III. Data Set
of Investigators seeking Access to Study Data
of Study Investigators in Preparing Data Sets
- Data Storage
- Content of
Limited Access Data
- Timing of
Release of Limited Access Data
for Protection of Privacy for Limited Access Data Sets
Review and Approval of Limited Access Preparation
for Limited Access Preparation
Note that the following policy is an update from the
10/25/2002 policy available at:
For contract-supported clinical trials and
epidemiology studies: Requirements for preparation of limited access data sets
have been modified to shorten the timeline and expand the data to be included,
as described below. These changes will be effective with contracts awarded on
or after October 1, 2005.
For grant-supported new and competing applications for
selected epidemiology studies and clinical trials: Applications received on or
after October 1, 2005 will be expected to include provisions for submission of
limited access data sets as described below. Applicants are expected to include
the costs of limited access data set preparation, with appropriate
justification, in their budget requests. Funds awarded for limited access data
set preparation will be restricted for use solely for that purpose and only
upon release by the NHLBI.
In general the following types of studies will be
included under this policy:
* Clinical trials and epidemiology studies that are
supported by the U01 (cooperative agreement) mechanism AND have 500 or more
* Trials or studies requesting $500,000 direct costs
or more in any one year and identified as being of high programmatic interest
to the NHLBI, as indicated in the Institute's letter of agreement to accept
assignment of the application
* Ancillary studies based on clinical trials or
epidemiology studies that are required by this policy to provide limited access
Requests for exceptions to these guidelines will be
considered by the NHLBI if adequately justified. Examples of adequate
justification include: unavoidable and unanticipated delays in making data
available within the parent study for analysis; presence of provisions in
informed consent prohibiting LADS release; evidence of unacceptability of LADS
release to communities under study; measurements on too small a subset of
participants to be of scientific value. All such requests should be addressed
to the Director of the Program Division funding the award.

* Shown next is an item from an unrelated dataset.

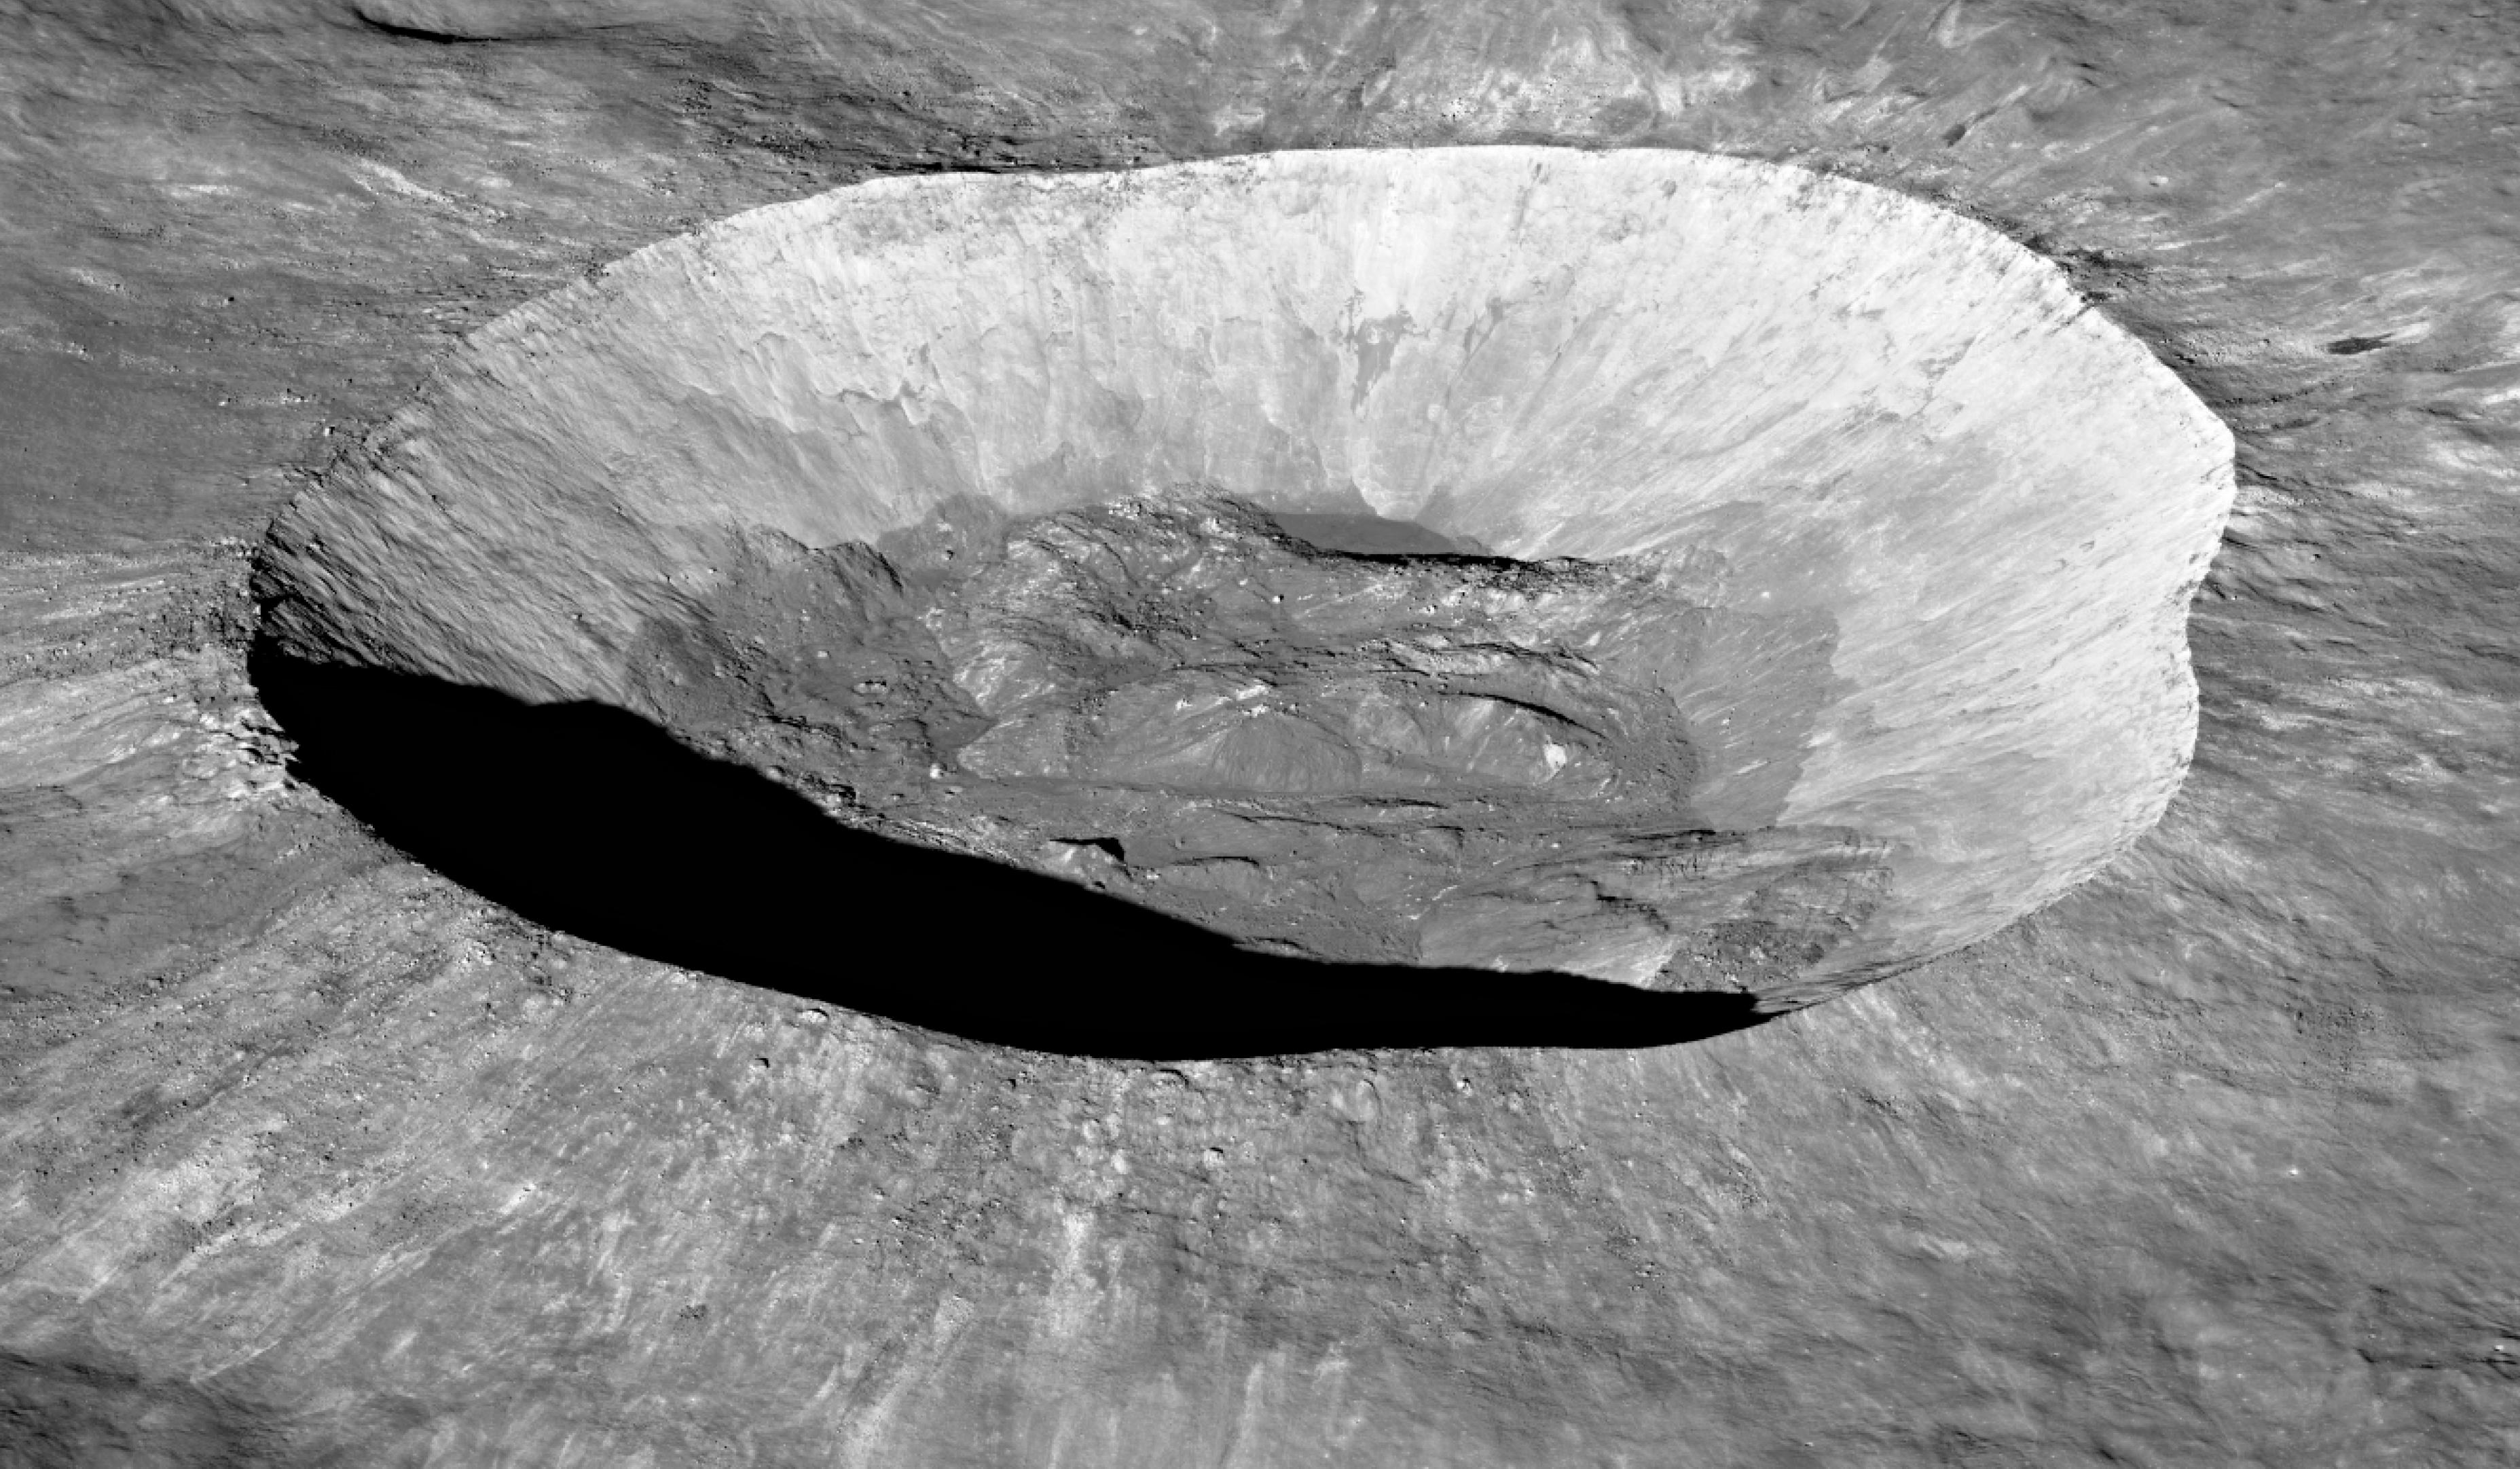 Giordano Bruno Crater

Policies for data sharing from studies of American
Indian or Alaska Native tribes and other sovereign entities will be developed
with them and will be provided as available at a later date.
The National Heart, Lung, and Blood Institute (NHLBI)

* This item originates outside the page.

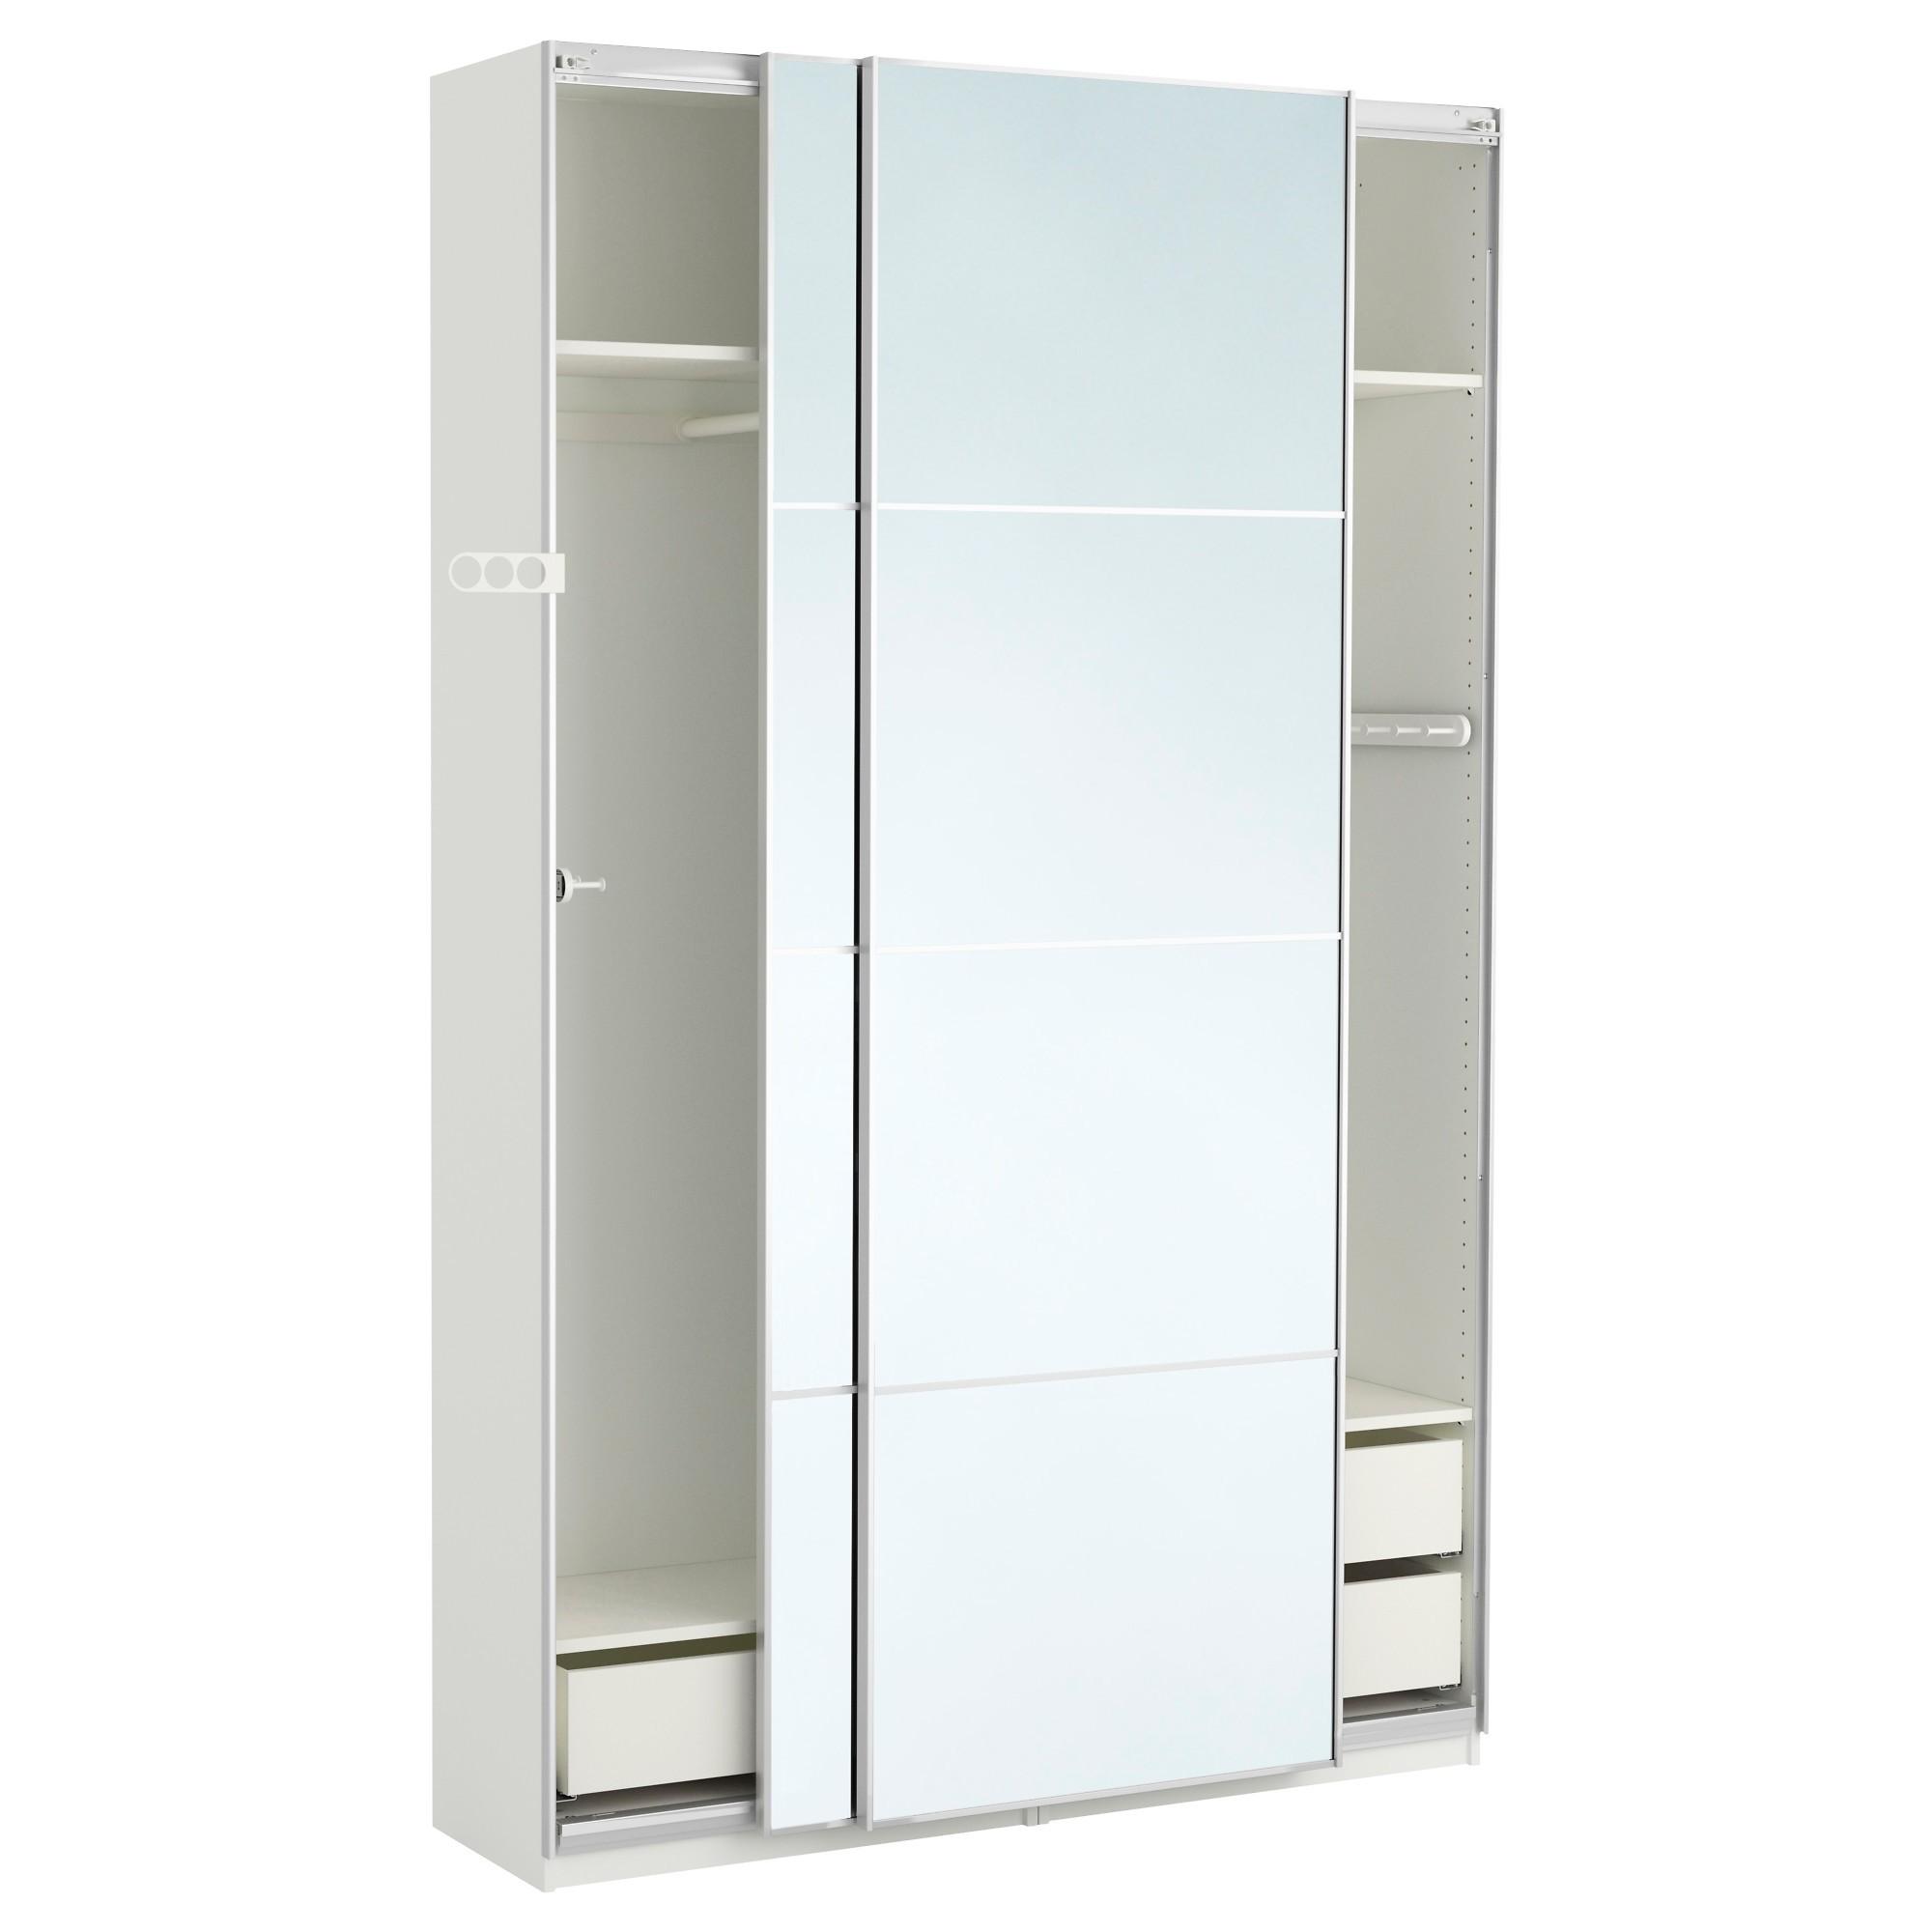 armoire portes coulissantes largeur 150 cm armoire. Black Bedroom Furniture Sets. Home Design Ideas

has supported data collection from participants in numerous clinical trials and
epidemiologic studies. These data from well-characterized population samples
constitute an important scientific resource. It is the view of the NHLBI that
their full value can only be realized if they are made available, under
appropriate terms and conditions consistent with the informed consent provided
by individual participants, in a timely manner to the largest possible number
of qualified investigators.
Under no circumstances will data relating to an
individual be distributed in any way that is inconsistent with his or her
informed consent. Data sets without an informed consent permitting use by
non-study researchers will only be released if the requester's IRB has approved
a waiver of informed consent based on minimal risk to the participants [see
Institutional Review Board section].
Data sets distributed under this policy include only
limited access data, i.e., records with personal identifiers and
other variables that might enable individual participants to be identified,
such as outliers, dates, and study sites, removed or otherwise modified.
Because it may still be possible to combine the limited access data with other
publicly available data and thereby determine with reasonable certainty the
identity of individual participants, these data sets are not truly anonymous.

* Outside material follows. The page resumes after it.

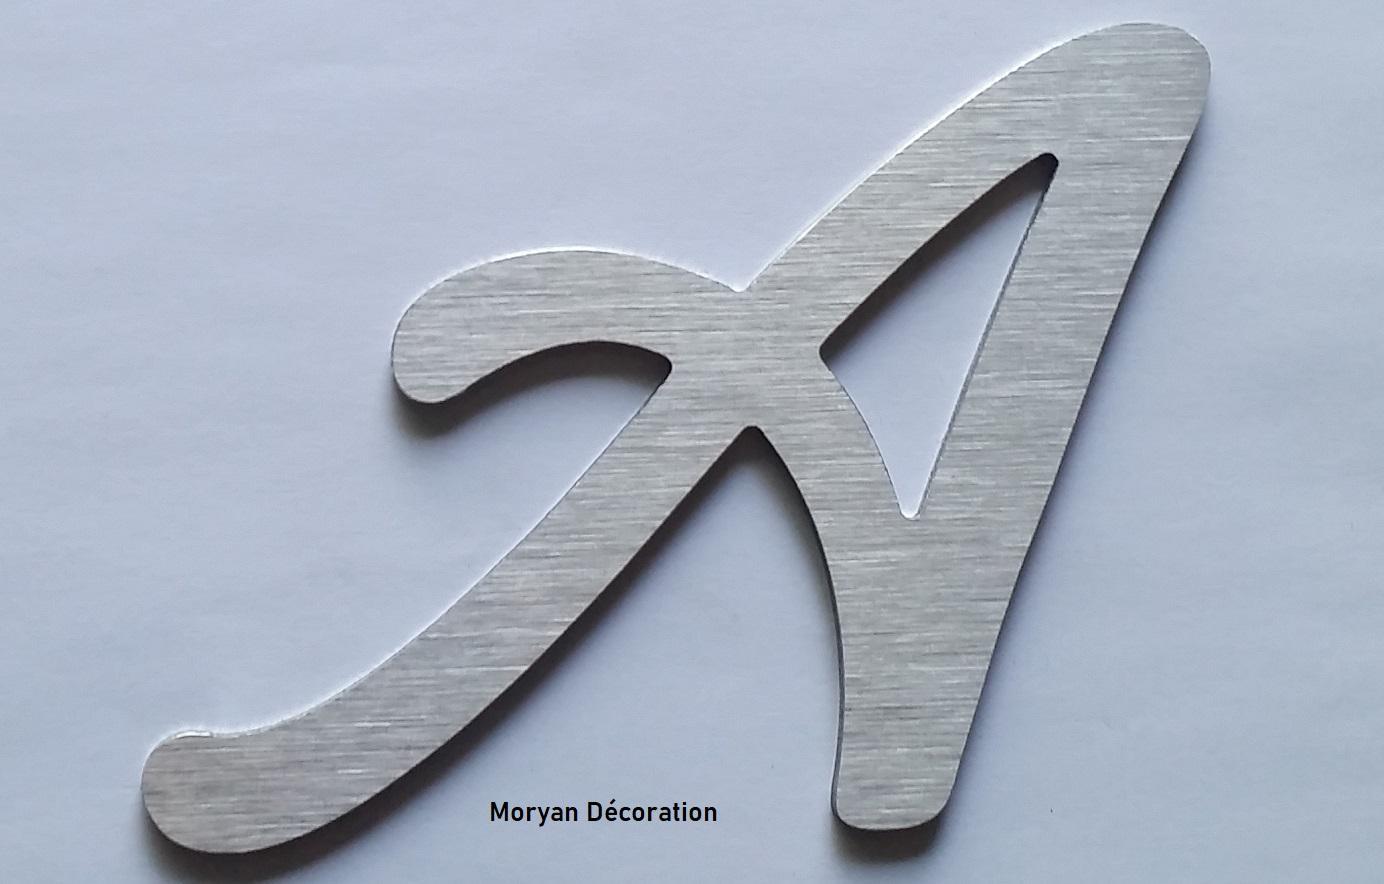 Lettre decorative murale en metal brosse lombriz

They are, therefore, only provided to investigators who agree in advance to
adhere to established policies for distribution.
Limited access data sets are available for NHLBI
studies supported by contract and for selected studies supported by cooperative
agreements or other grants. However, data will not be provided for limited
access if the Institute deems them to be unreliable or invalid. All proposed
data exclusions must be strongly justified and whether proposed by the study
investigators or Institute staff, each one must be reviewed and approved by the
director of the NHLBI program division that sponsored the study.
Data - Information collected and recorded
from study participants through periodic examinations and follow-up contacts,
not to include original specimens or images.
Commercial purpose - Data will be considered
as being for a commercial purpose if they are to be used by an investigator who
is an employee of a for-profit organization, if they are to be used by an
investigator to satisfy a contractual relationship with a for-profit
organization, or if they are to be used by an investigator as the basis for a
consulting relationship with a for-profit organization. Data will also be
considered as being for a commercial purpose if the investigator(s) take any
affirmative steps to facilitate commercial use of results derived from the
Non-Commercial Purpose Data Set A data
set consisting of all records except those for participants who requested that
their data not be shared beyond the initial study investigators.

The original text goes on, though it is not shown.